**TASK PROMPT:** Only the text of the records, copied exactly, is wanted; no pictures.

Start of GIVEN DATA

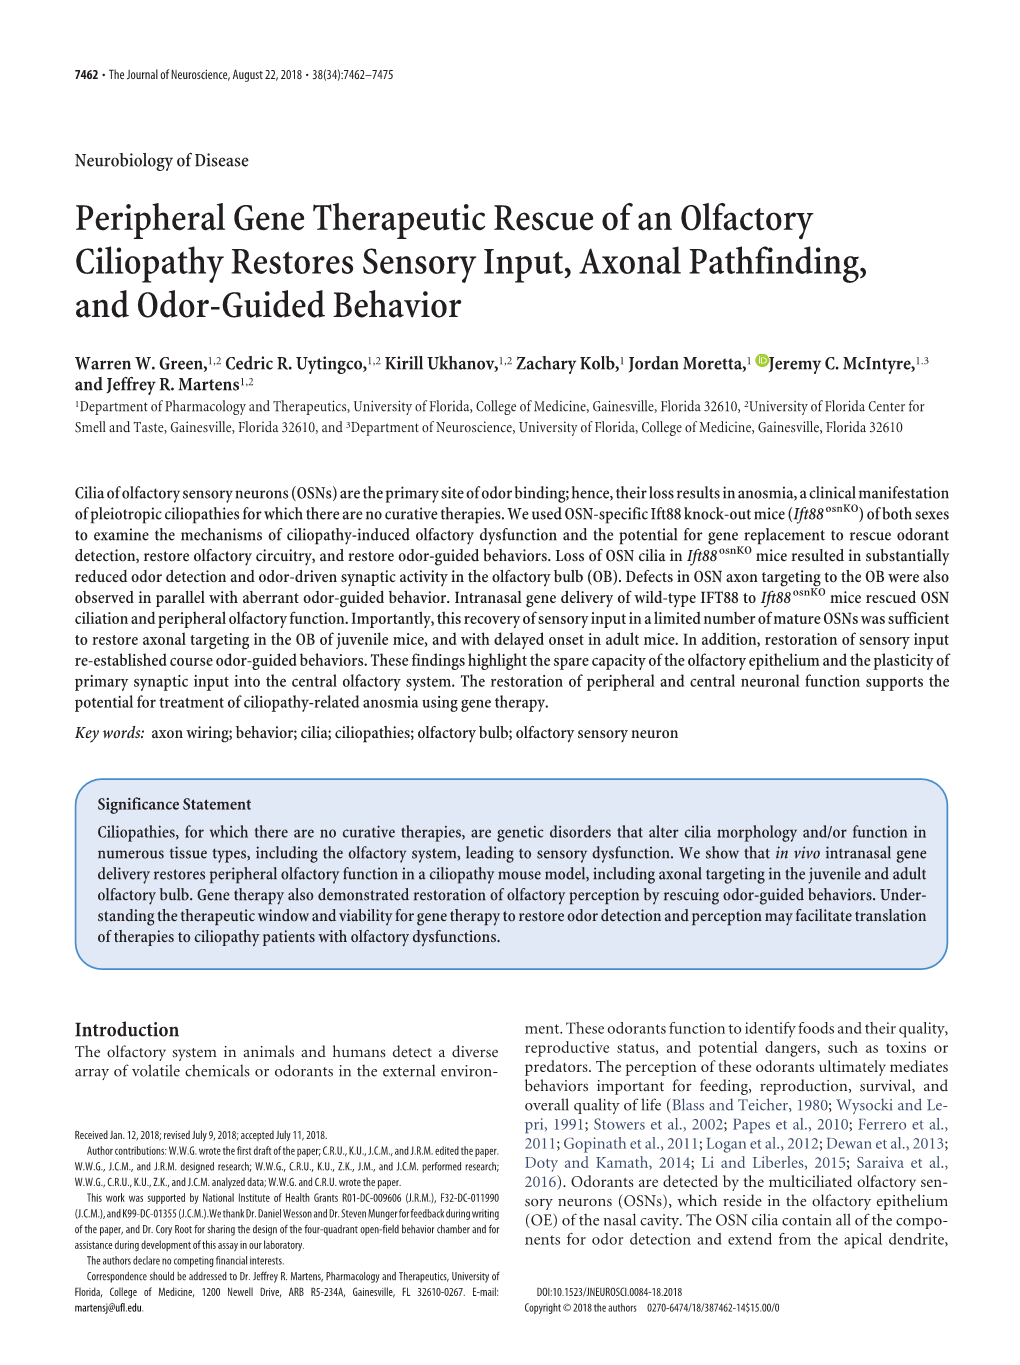 Peripheral Gene Therapeutic Rescue of an Olfactory Ciliopathy Restores Sensory Input, Axonal Pathfinding, and Odor-Guided Behavior
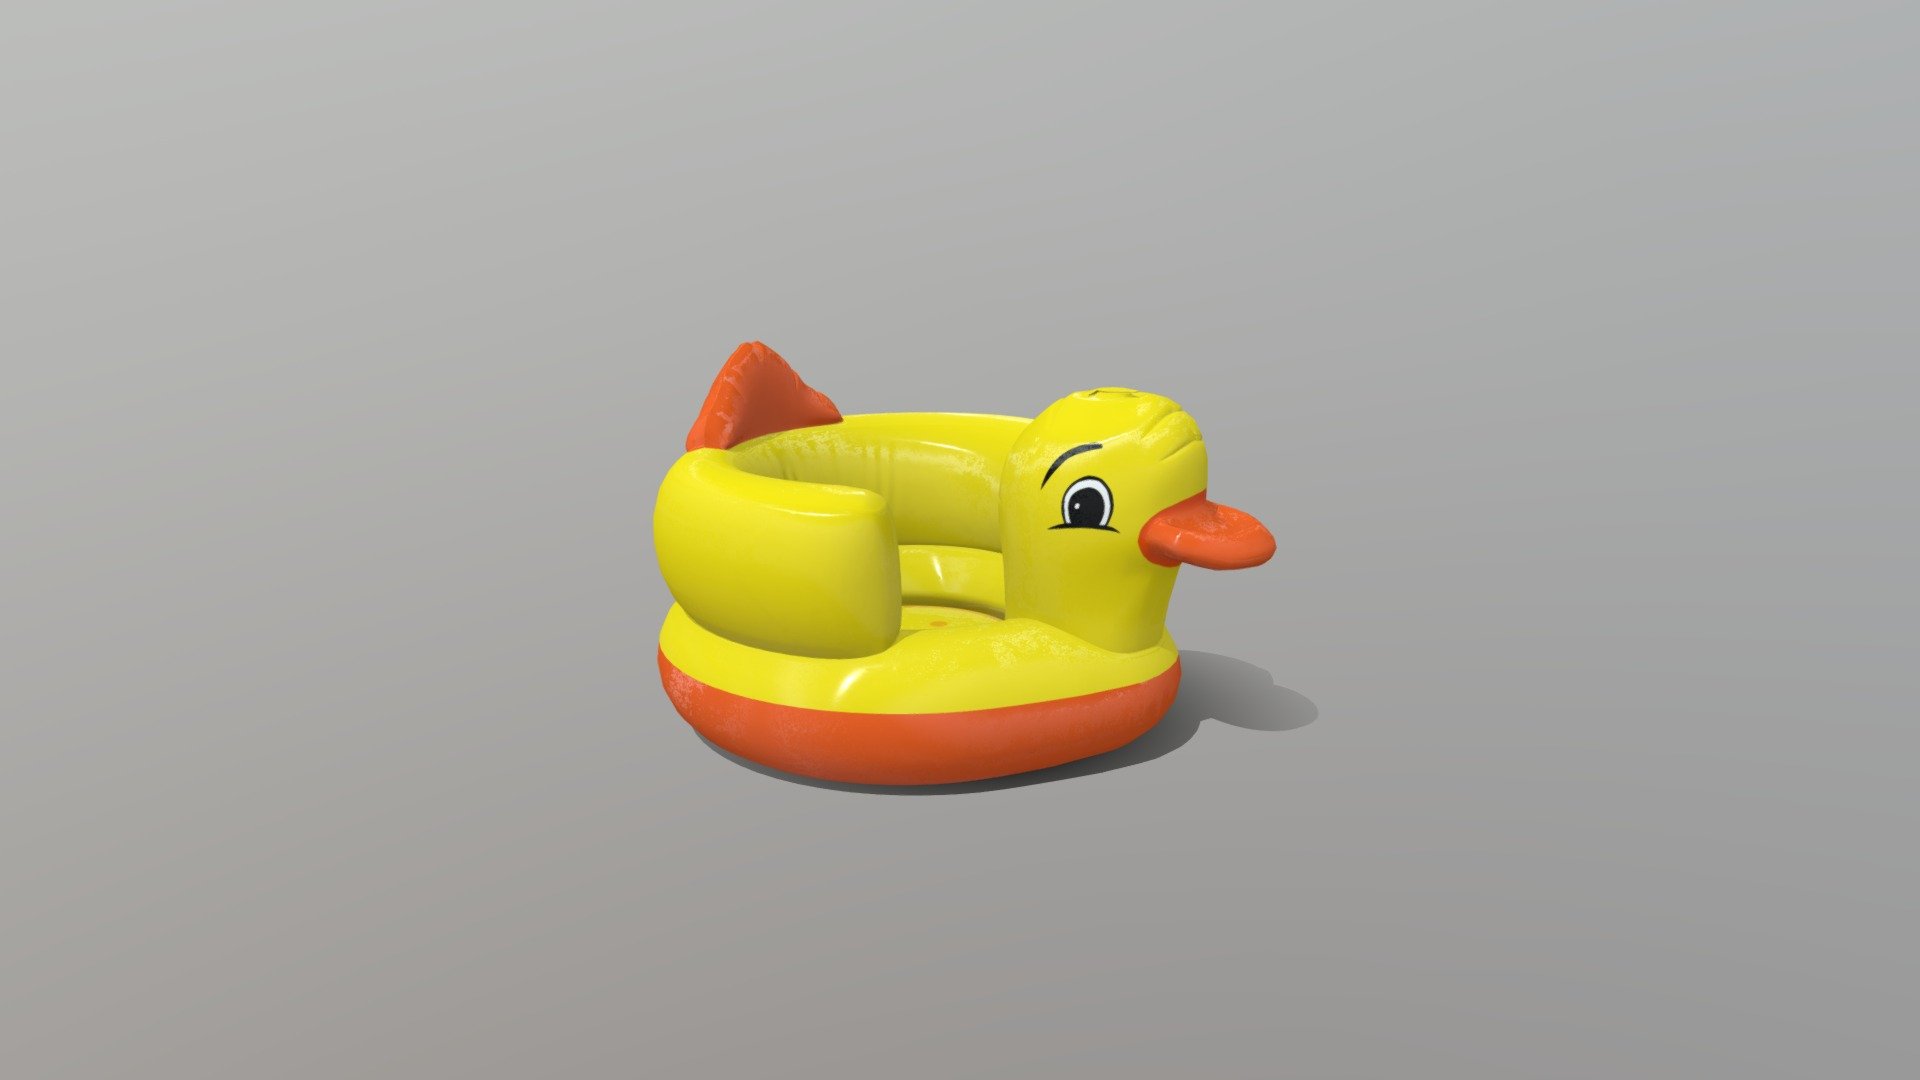 this is PBR low poly 3D model Inflatable horse Toys for Kids playing, can used on Augmented Reality and Virtual Reality

included : 4K Textures FBX ( and texture ) OBJ ( And texture ) and 3ds

Albedo
Metalness
Roughness
Ambient occlusion
Normal map
Opacity

Poly = 3.699 Tris = 7.026 - Inflatable Duck - 3D model by prase 3d model

End of GIVEN DATA

**WORKED SOLUTION:**
 Peripheral Gene Therapeutic Rescue of an Olfactory Ciliopathy Restores Sensory Input, Axonal Pathfinding, and Odor-Guided Behavior
 this is PBR low poly 3D model Inflatable horse Toys for Kids playing, can used on Augmented Reality and Virtual Reality

included : 4K Textures FBX ( and texture ) OBJ ( And texture ) and 3ds

Albedo
Metalness
Roughness
Ambient occlusion
Normal map
Opacity

Poly = 3.699 Tris = 7.026 - Inflatable Duck - 3D model by prase 3d model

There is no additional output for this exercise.